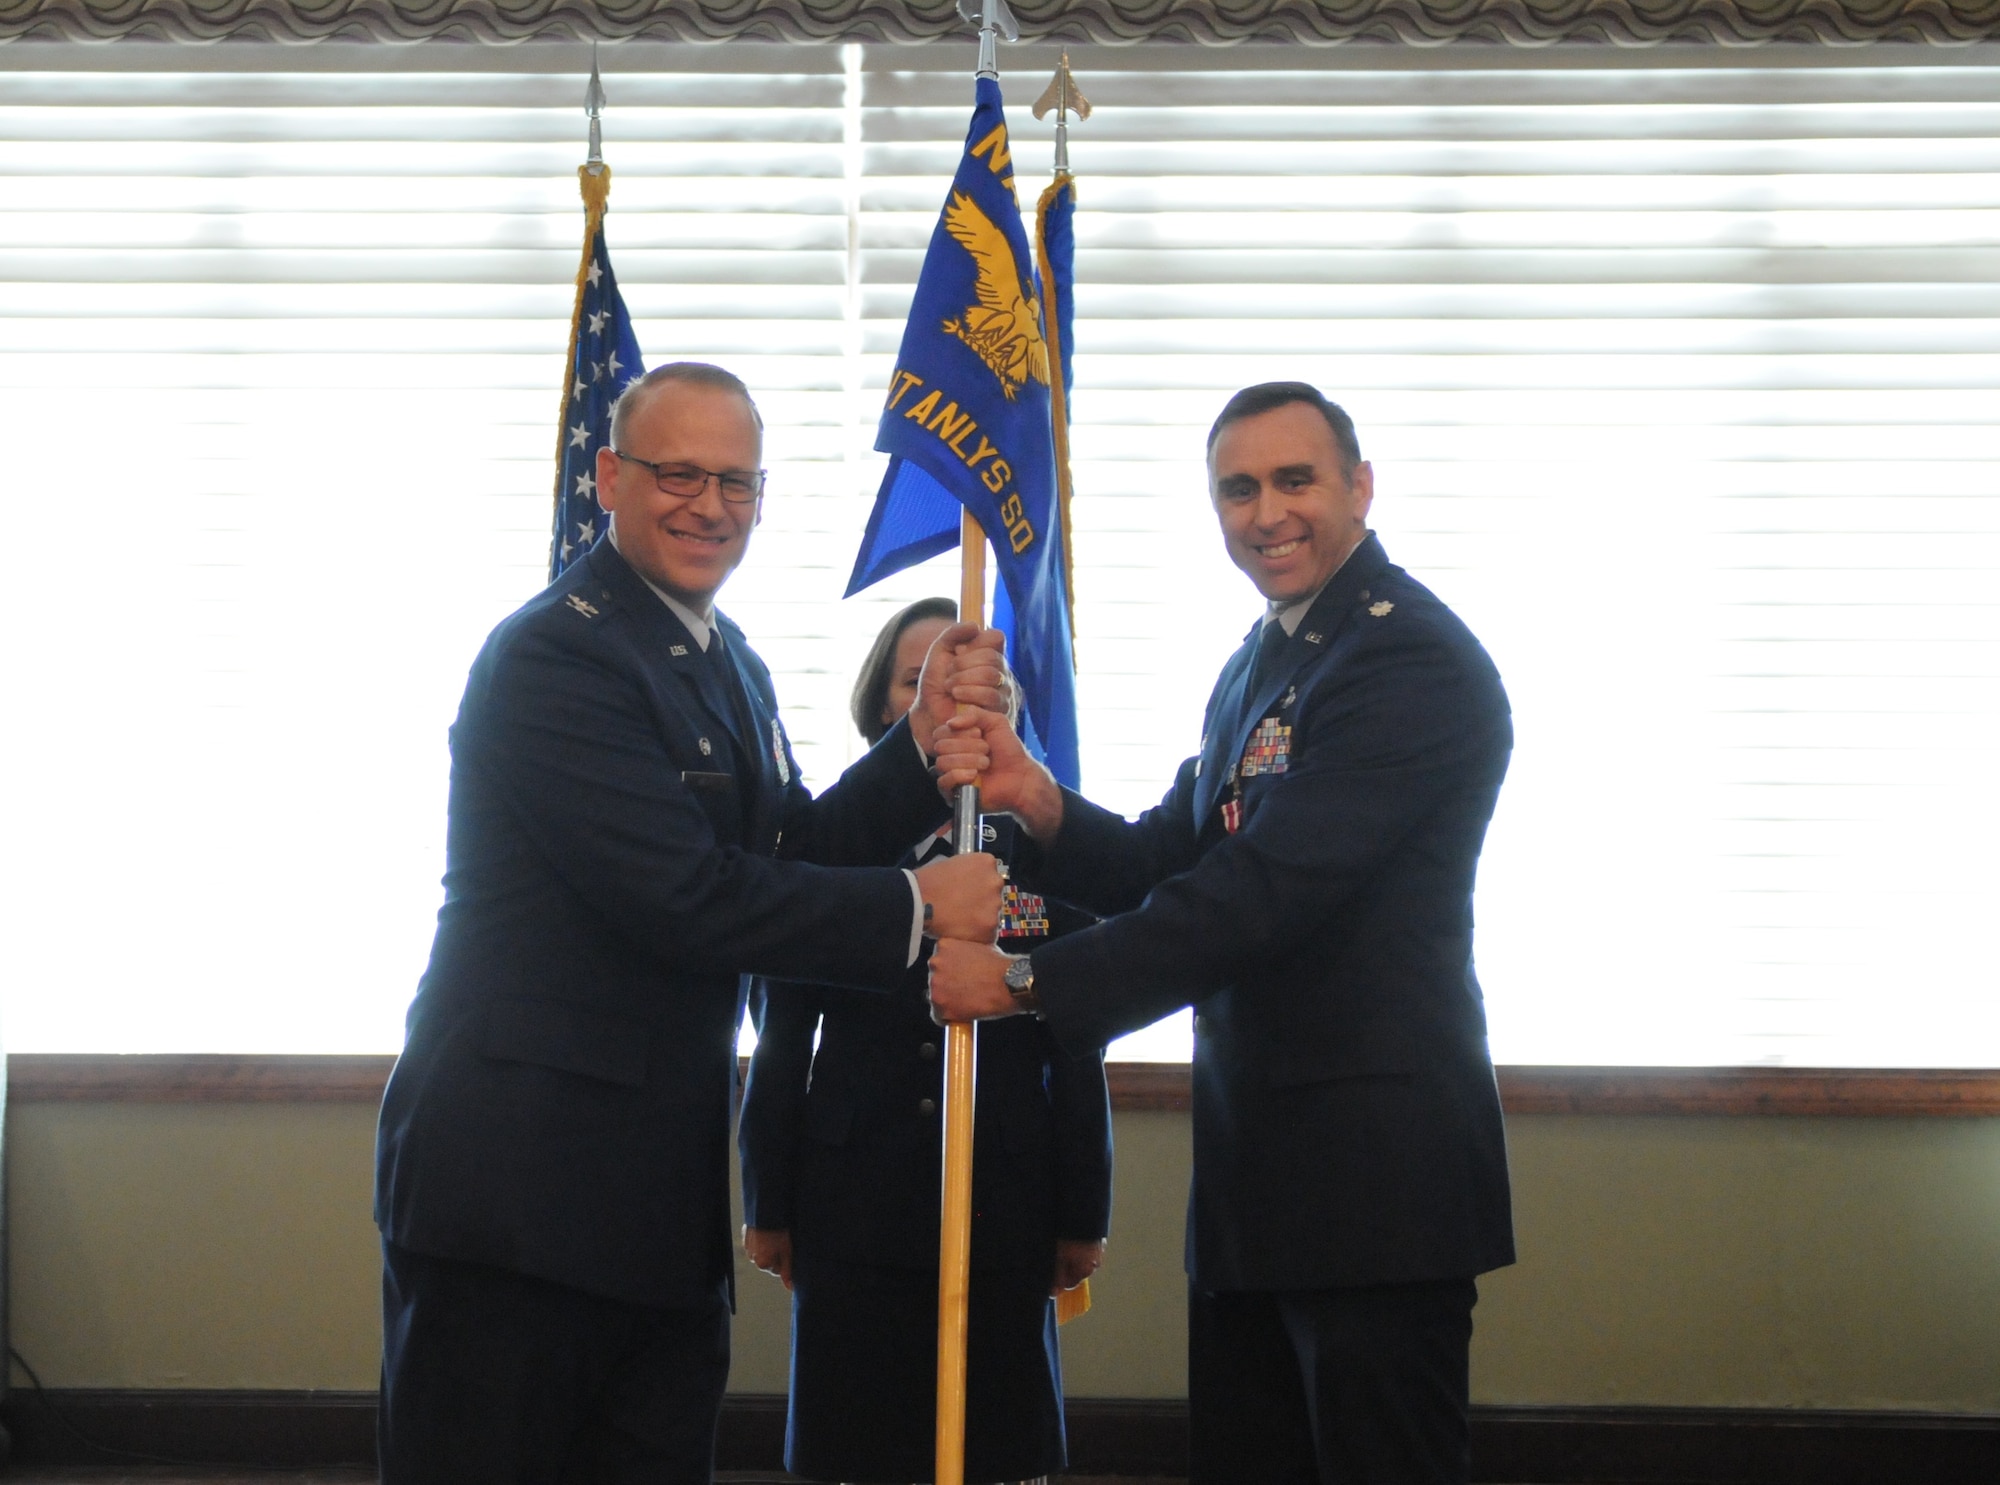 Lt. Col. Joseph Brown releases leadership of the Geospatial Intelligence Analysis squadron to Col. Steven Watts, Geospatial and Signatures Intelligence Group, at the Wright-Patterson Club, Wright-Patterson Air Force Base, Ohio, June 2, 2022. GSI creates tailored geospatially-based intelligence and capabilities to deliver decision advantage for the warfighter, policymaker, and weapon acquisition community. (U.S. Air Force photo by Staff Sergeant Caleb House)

==

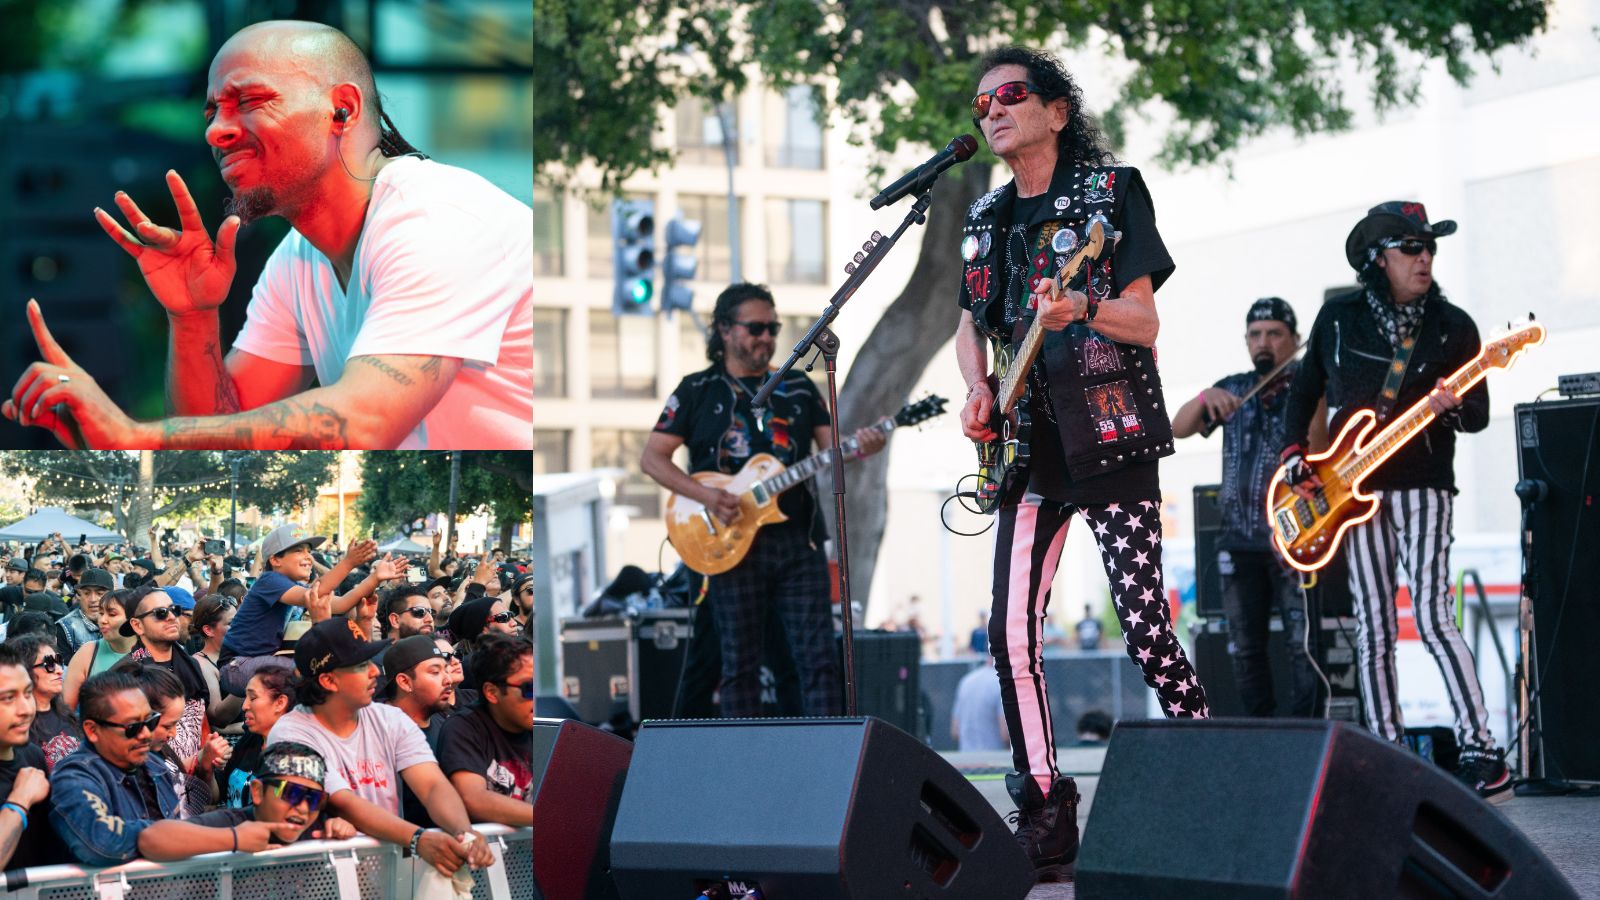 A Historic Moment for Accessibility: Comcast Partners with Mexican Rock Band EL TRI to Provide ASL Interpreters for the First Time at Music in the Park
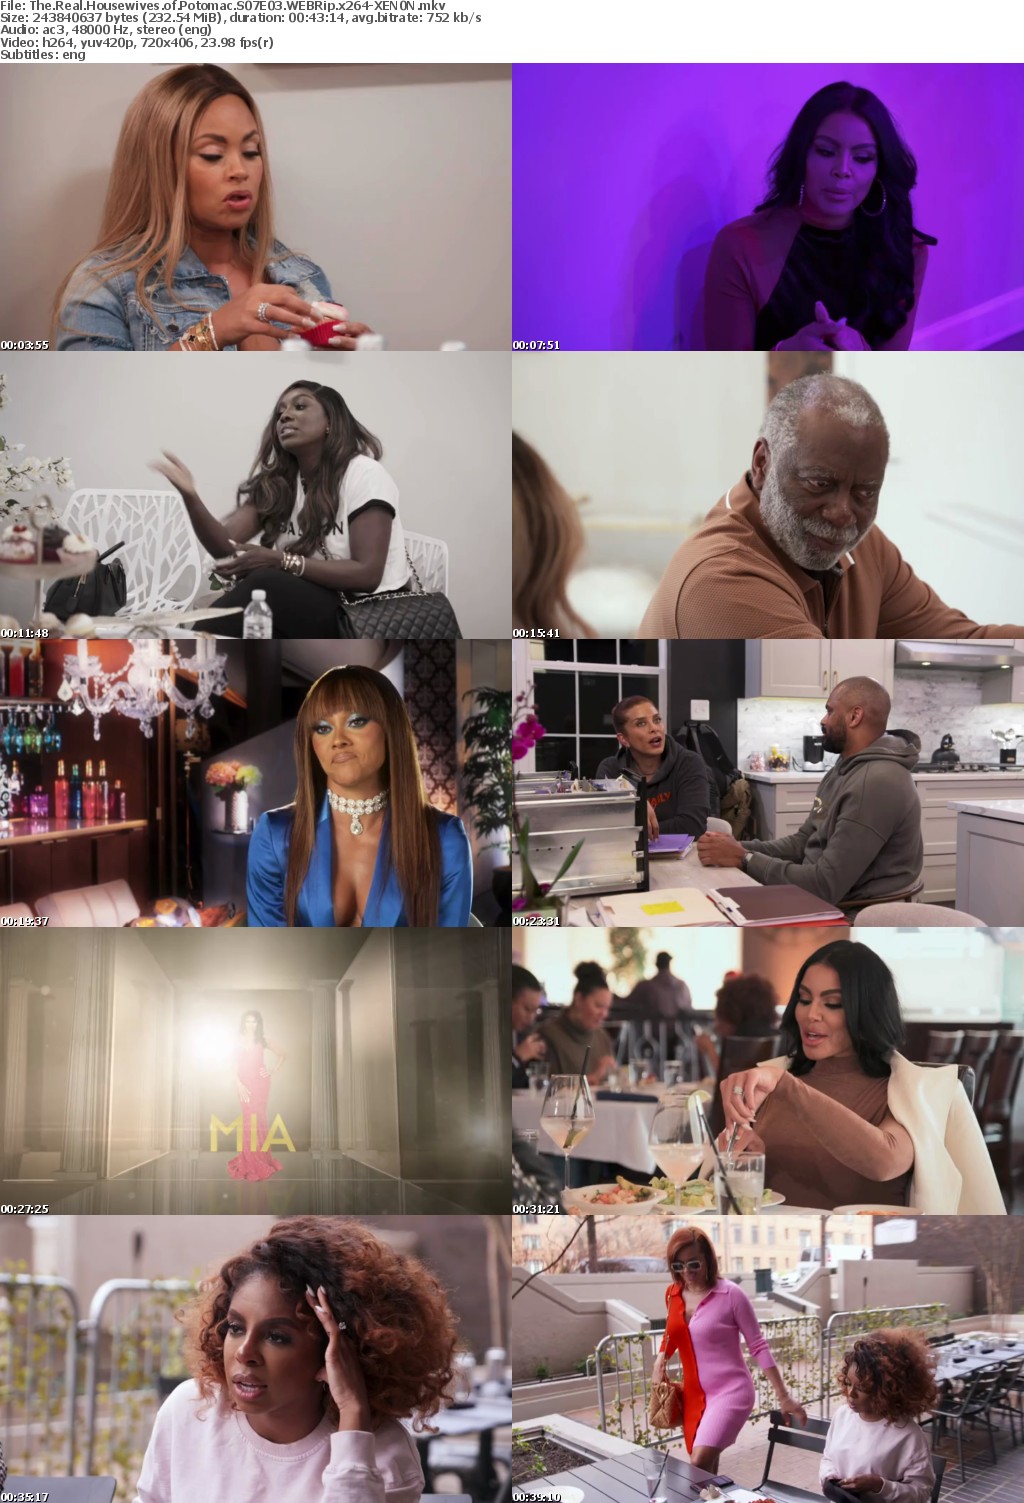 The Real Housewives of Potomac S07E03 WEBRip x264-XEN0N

## EXERCISE PROMPT
Within the entries above, the lines from the one containing "A Historic Moment" through the one containing "The Real Housewives" are to be transcribed exactly, ends included, pictures excluded.

## SOLUTION TO THIS PROBLEM
 A Historic Moment for Accessibility: Comcast Partners with Mexican Rock Band EL TRI to Provide ASL Interpreters for the First Time at Music in the Park
 The Real Housewives of Potomac S07E03 WEBRip x264-XEN0N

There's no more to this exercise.